◆ Source material ◆

/---

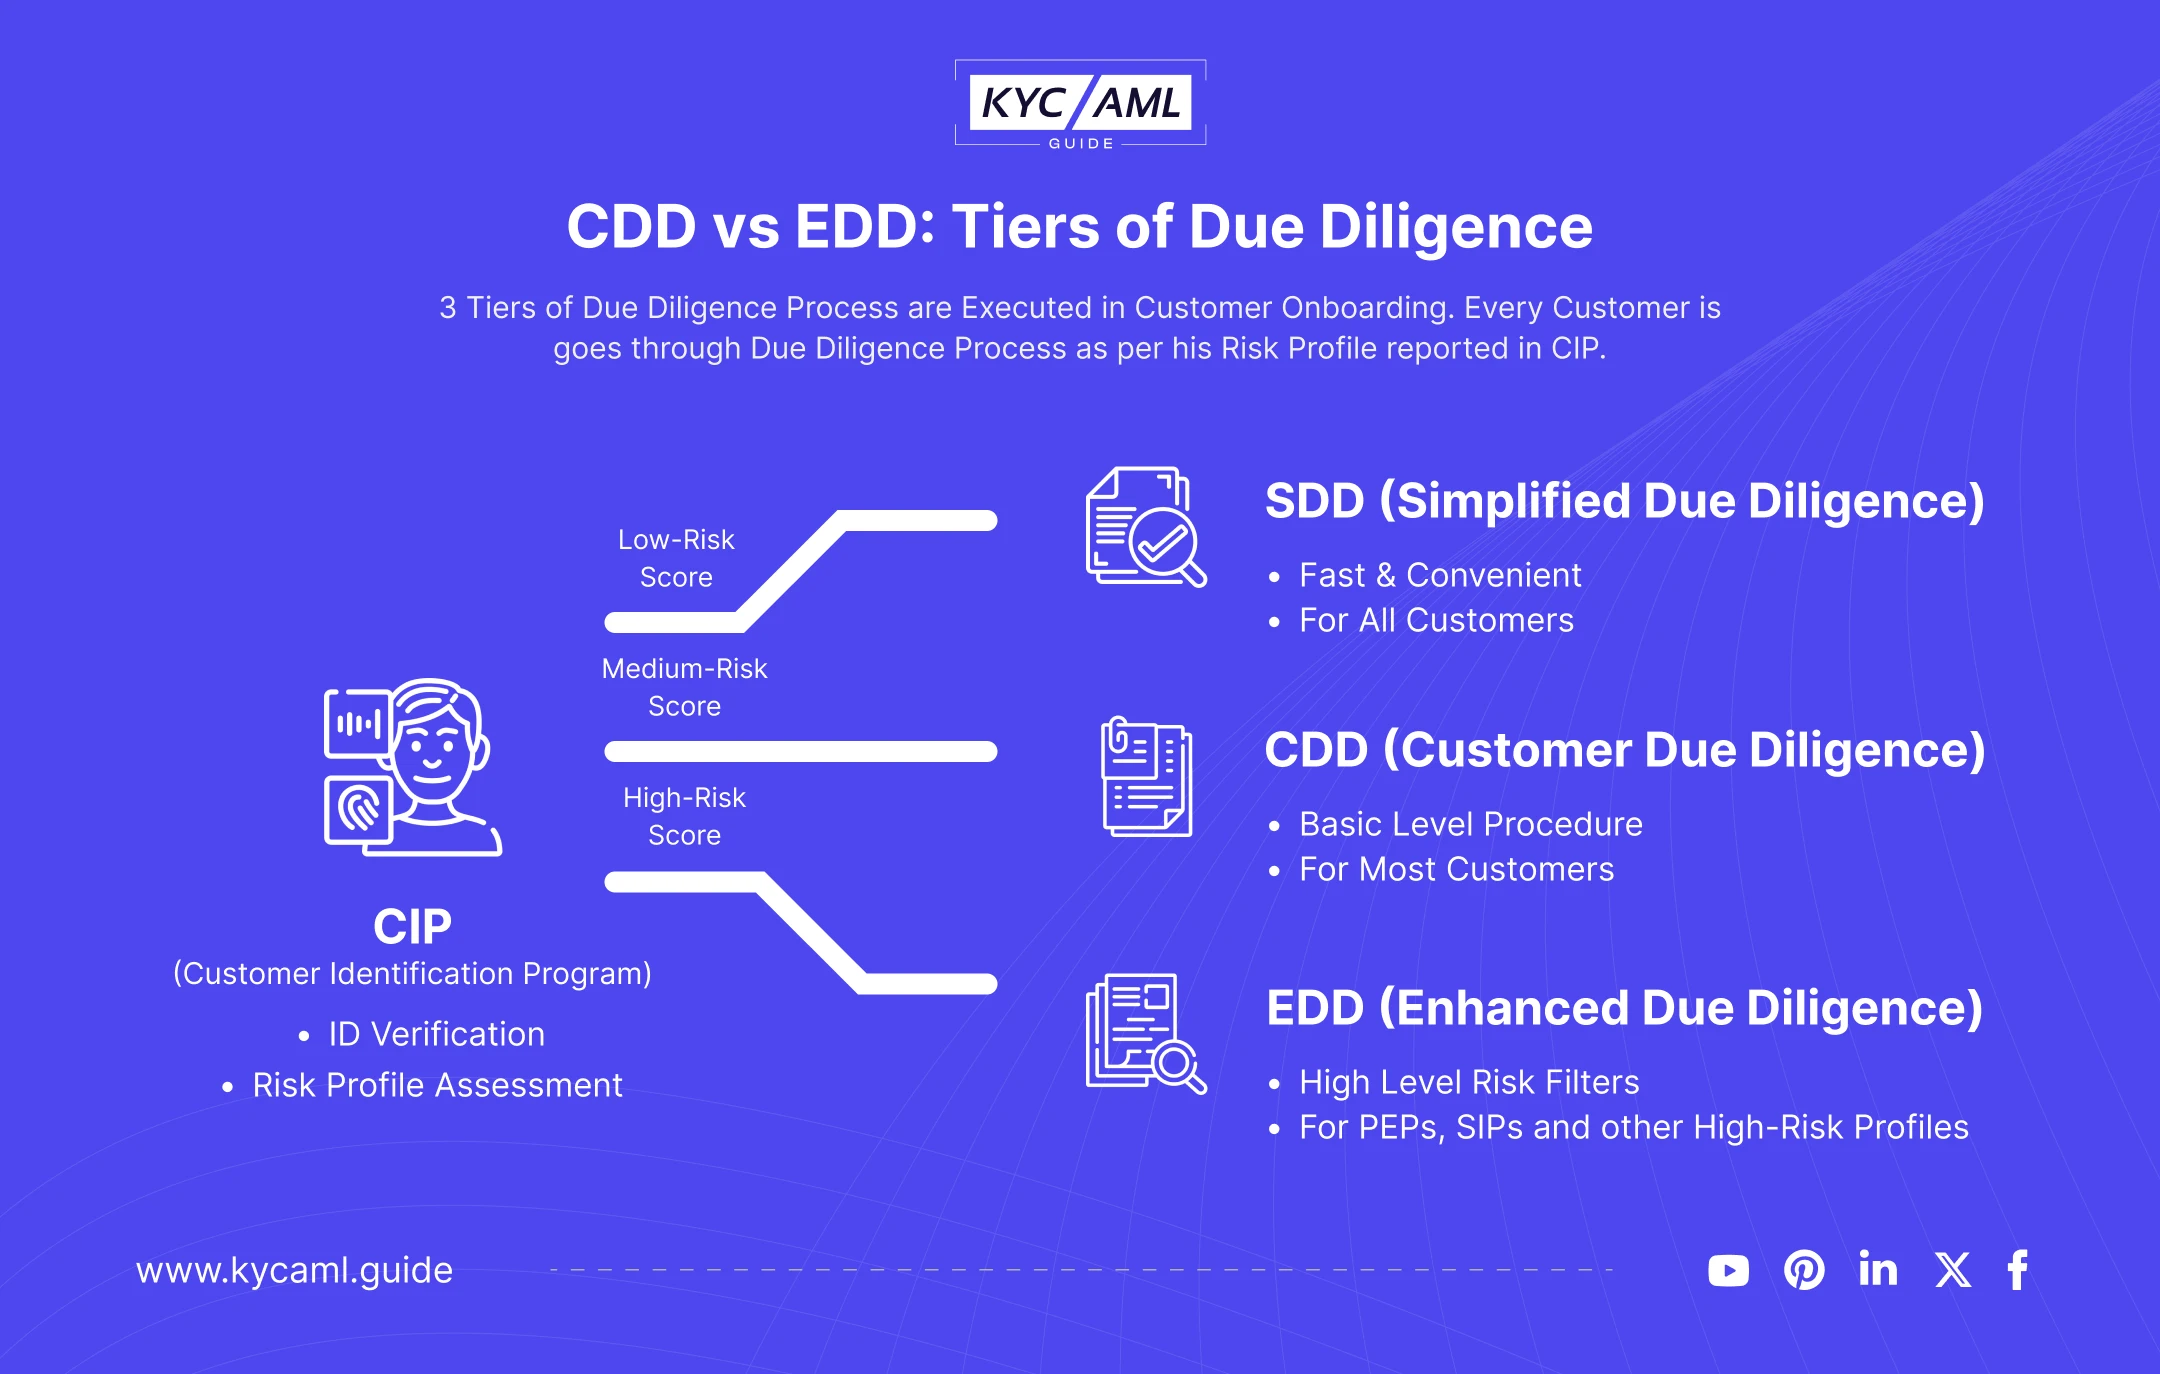 The 3 Tiers of Due Diligence: 1) SDD 2) CDD 3) EDD
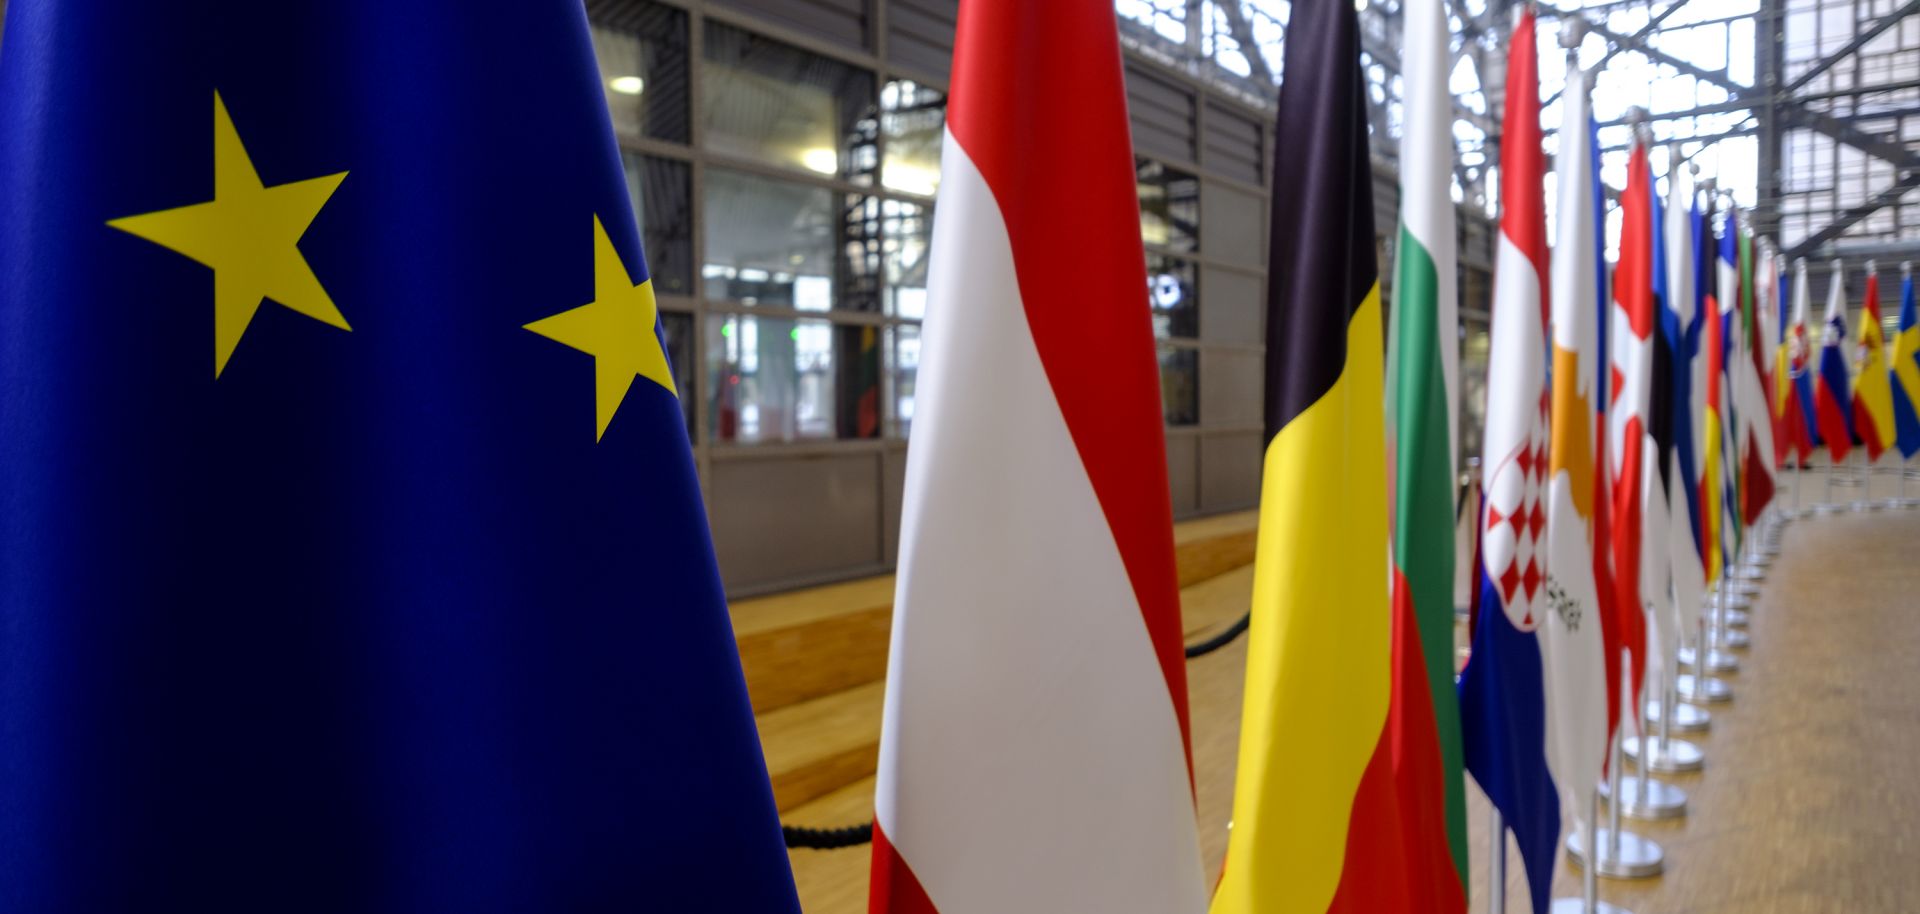 The atrium of the European Council headquarters on Feb. 24, 2022, in Brussels.
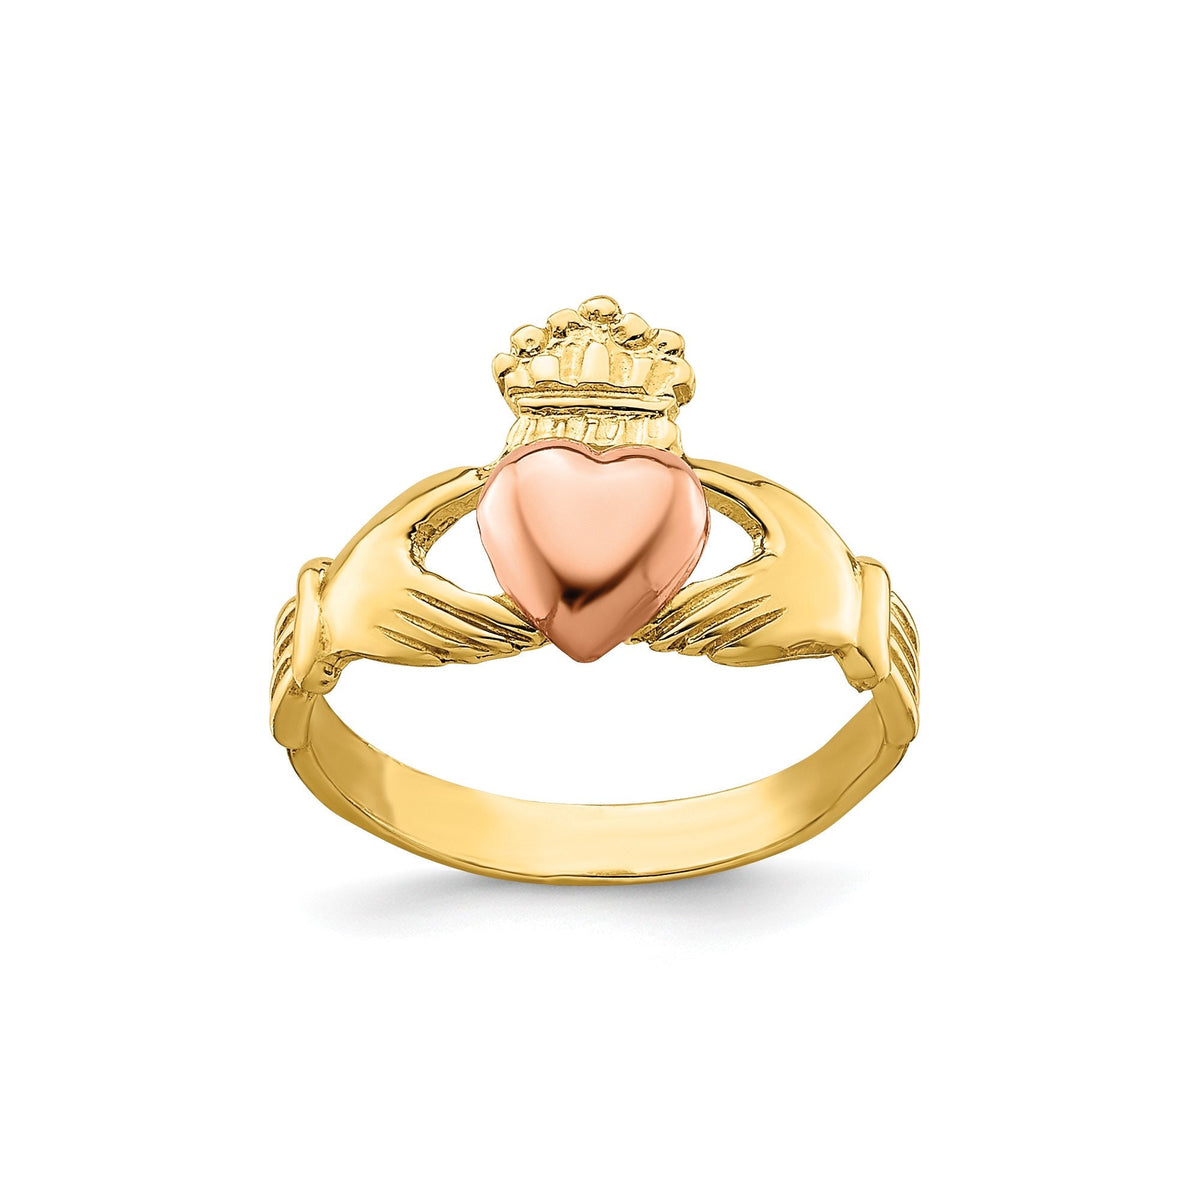 14k Two-tone Baby Claddagh Ring Baby Child  Size 1 -2 Baby to Toddler Size Children's Ring Band with Heart Child Celtic - Gift Box Included

\---

◆ Problem details ◆
Restate all of the data word for word and include no pictures.

◆ Written answer ◆
 The 3 Tiers of Due Diligence: 1) SDD 2) CDD 3) EDD
 The atrium of the European Council headquarters on Feb. 24, 2022, in Brussels.
 14k Two-tone Baby Claddagh Ring Baby Child  Size 1 -2 Baby to Toddler Size Children's Ring Band with Heart Child Celtic - Gift Box Included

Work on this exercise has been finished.